1.4. Nano/microrobots propelled by ultrasound:

Ultrasound-powered nanorobots hold great promise for targeted drug delivery. Gold nanowires are commonly used as carriers and are widely produced via template electrodeposition. A copper sacrificial layer creates a concave cavity that allows for propulsion; ultrasonic waves striking the cavity create pressure, which drives movement. Magnetic fields are also frequently used with ultrasonic propulsion to enhance control and navigation.

Victor et al. created an ultrasonic-powered, magnetically guided Au–Ni–Au nanowire motor that can move in any direction by modulating a magnetic field. The addition of a pH-sensitive PPy–PSS polymer section allowed for customized drug release in acidic environments ^[10,12].

1.5. Hybrid‑driven nanorobots :

Wang's group at the University of California created rod-shaped nanorobots made of porous metal using electrodeposition. Their porous design allows for up to 20 times higher drug loading than their planar metal counterparts. NIR light triggered the release of the medications, which, when driven by magnetic field-guided ultrasonic waves, efficiently destroyed tumor cells ^[6].

Beladi-Mousavi et al. created self-propelled Bi-based tubular microrobots for intelligent drug delivery ^[13]. The outer Bi layer carried the anti-cancer drug DOX, which was then delivered to cancer cells specifically with the aid of a nickel layer that provided magnetic guidance. Using an external magnet to guide the loaded microrobots to an electrochemical device allowed for rapid, on-demand drug release in a matter of seconds ^[14].

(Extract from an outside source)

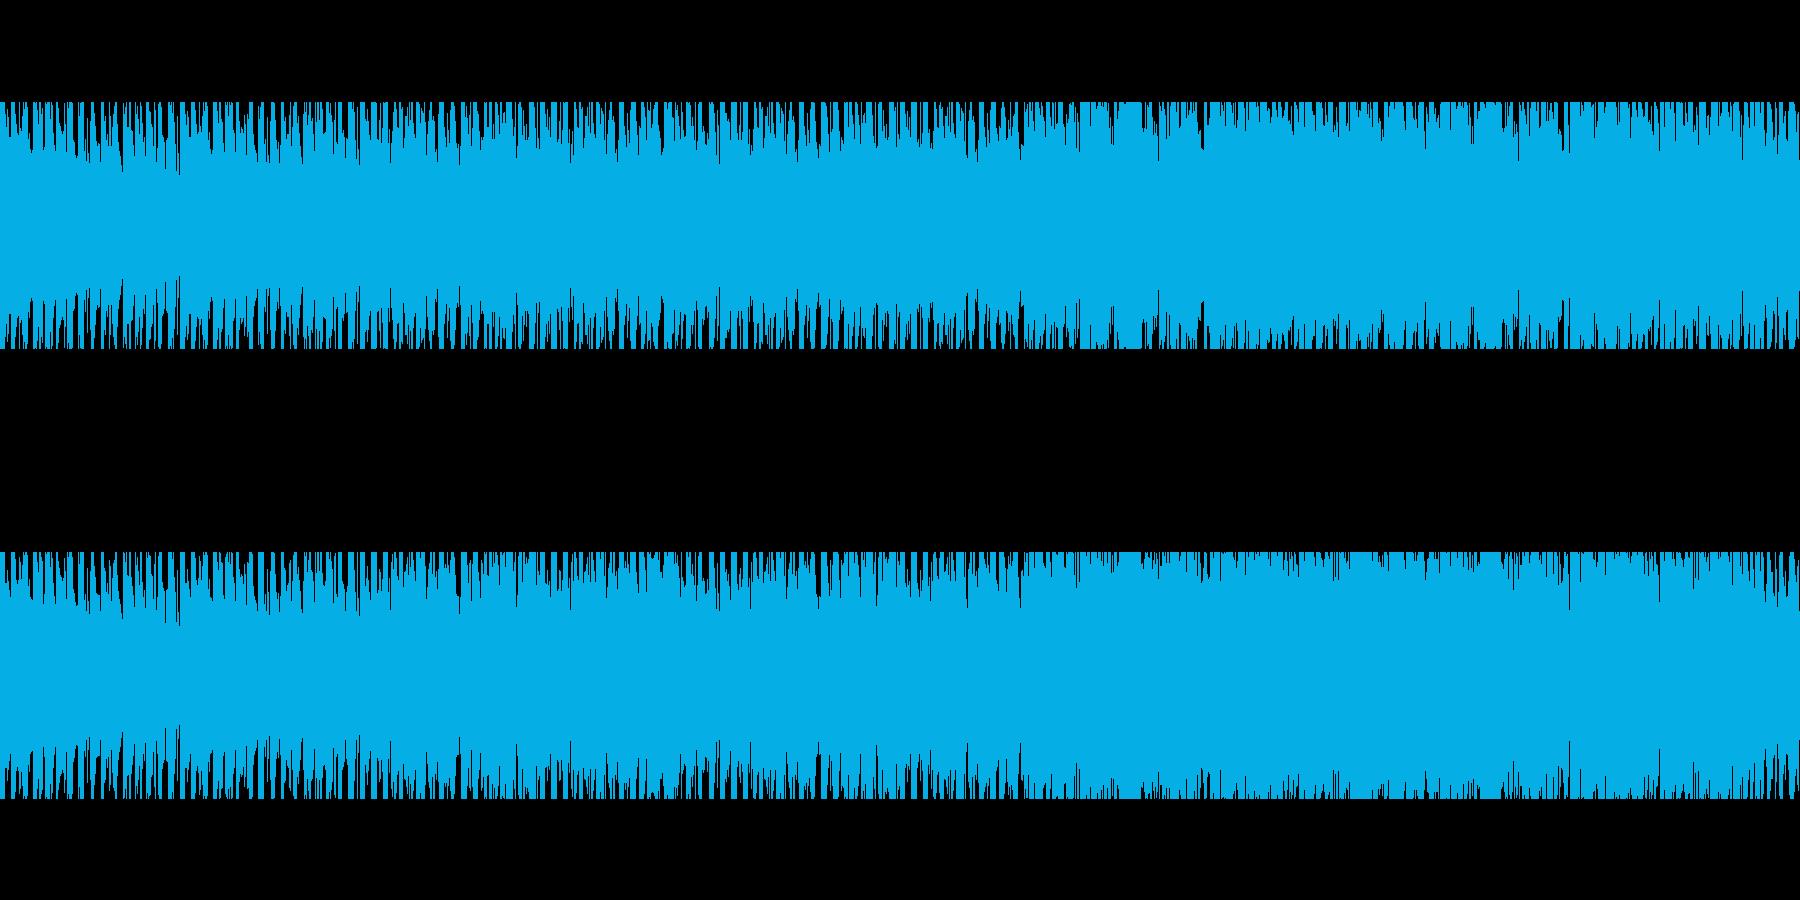 ちょっとリズミカルに潜るようなBGMの再生済みの波形

Other power‑driven nanorobots :

Xuan et al. ^[6,15] Demonstrated that nanorobots could move in a specific direction under NIR irradiation. Au half-nanoshells generated a thermal gradient that supplied self-heating energy to overcome Brownian motion, and the NIR light-powered Janus mesoporous silica nanomotor (MPCM@JMSNM) further utilized the macrophage membrane to enable selective binding to cancer cells.

2. ENDOGENOUS POWER DRIVEN MICRO/ NANOROBOTS :

These nanorobots primarily use chemical or biological processes to propel themselves. Due to their asymmetry and catalyst coating, these systems continuously absorb chemical energy from their surroundings. One popular redox-based propulsion technique is the decomposition of hydrogen peroxide, which generates propulsion when it is easily broken down into water and oxygen by metal, enzyme, or alkaline catalysis. Several nanorobot designs have employed this technique, including vascular polymers, hollow Janus particles ^[10,16], and bimetallic nanorods ^[17].

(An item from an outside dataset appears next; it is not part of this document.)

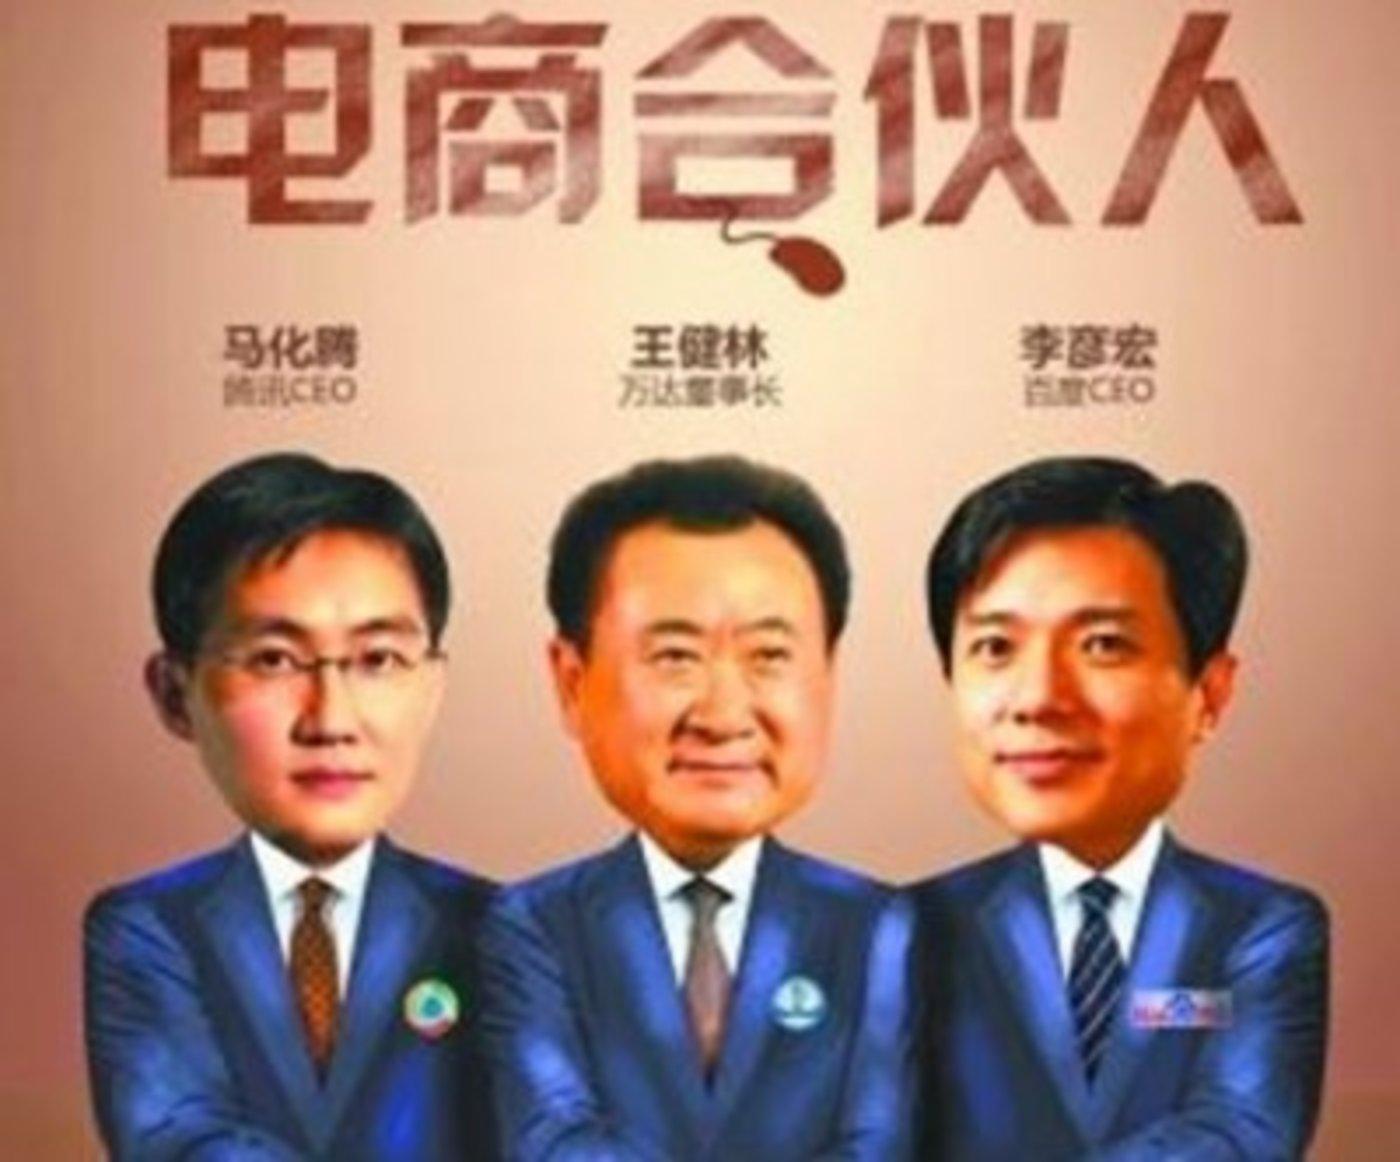 凌云:评万达百度腾讯组团电商

2.1.Biological‑driven nanorobots :

They are made from synthetic materials and living microorganisms, or cells. In biohybrid micro-/nanorobots, microorganisms like bacteria and sperm that move under the influence of flagella could serve as an engine. Furthermore, the unique capacity of sperm to interact with bodily cells may significantly impact the safety and biocompatibility of micro- and nanorobots. A biohybrid robot with four limbs and a 3D-printed magnetic tubular substructure uses a mobile sperm cell as both a drug carrier and a power source^[18].

2.2. Micro/Nanorobot Biohybrids:

1. Nanorobots Based on DNA, Enzymes, or Cytomembranes:

DNA is an excellent material for creating complex 3D nanostructures through self-assembly because of its highly specific base-pair interactions and branched junction structures ^[19]^.Through complementary DNA hybridization, Maier et al. created magnetic microswimmers, which are biohybrid microrobots driven by a revolving magnetic field, using DNA-based flagellar bundles affixed to magnetic iron oxide microparticles (1μm) ^[20]. DNA nanorobots have shown great promise in cancer immunotherapy.

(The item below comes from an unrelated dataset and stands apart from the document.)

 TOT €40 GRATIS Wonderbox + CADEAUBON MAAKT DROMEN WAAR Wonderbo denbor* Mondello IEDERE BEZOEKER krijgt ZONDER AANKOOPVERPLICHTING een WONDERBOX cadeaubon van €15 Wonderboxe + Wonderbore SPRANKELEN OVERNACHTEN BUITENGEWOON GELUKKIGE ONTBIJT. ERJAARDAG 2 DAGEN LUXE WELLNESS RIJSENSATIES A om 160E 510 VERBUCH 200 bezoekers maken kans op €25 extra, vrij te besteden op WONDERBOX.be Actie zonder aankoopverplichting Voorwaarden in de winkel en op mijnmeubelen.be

Fluid pumps or self-propelled carriers can be created by immobilizing enzymes on particle surfaces. For instance, buoyancy-controlled vertical motion was demonstrated by MOF-based micromotors that used poly(2-diisopropylamino) ethylmethacrylate (PDPA) as a pH-responsive component and encapsulated catalase as an engine. Cell membrane cloaking, which improves in vivo performance through biological and immunological compatibility, has become a potent biomimetic technique to get around the immune clearance and poor therapeutic efficacy of synthetic nanocarriers^[21].Membrane-camouflaged micro/nanomotors not only exhibit autonomous motion but also inherit natural cellular functions.

2. Leukocytes biohybrid microrobots :

For targeted immunotherapy, macrophage-based microrobots, or "immunobots," combine the immune-regulatory capabilities of macrophages with the movable mobility of 3D-printed microswimmers ^[22].These microrobots have been developed as vehicles for precise delivery of anticancer drugs by utilizing macrophage targeting to tumors . More recently, near-infrared (NIR)-responsive precision drug release at tumor sites was accomplished by dual-targeting macrophage microrobots that could be controlled by both external magnetic fields and their own innate chemotaxis.

The robust chemotactic ability of polymorphonuclear neutrophils (PMNs), which make up 40–70% of human leukocytes, is exploited by neutrophil-based systems, also known as "Neutrobots". Neutrophils can act as self-guided biohybrid micromotors with high drug-loading efficiency ^[23].By internalizing mesoporous silica nanoparticles (MSNs). This allows them to efficiently deliver therapeutic cargos to malignant gliomas in vivo.

Fig 3: (a) Macrophage-based biohybrid microrobots for active tumour therapy

2.3. Microrobots Using Spermatozoa and Erythrocytes:

Native mouse RBCs have been modified to incorporate magnetic iron oxide nanoparticles (20 nm) in order to produce micromotors that can propel ultrasonic objects and navigate magnetically while preserving their biological characteristics and natural structure. Platelets have also been investigated as effective cargo carriers for the delivery of Specific therapeutics. Spermatozoa have flagella, necessary for propulsion & natural chemotaxis during fertilization known as "spermbots," in which sperm serve as the primary driving element [24].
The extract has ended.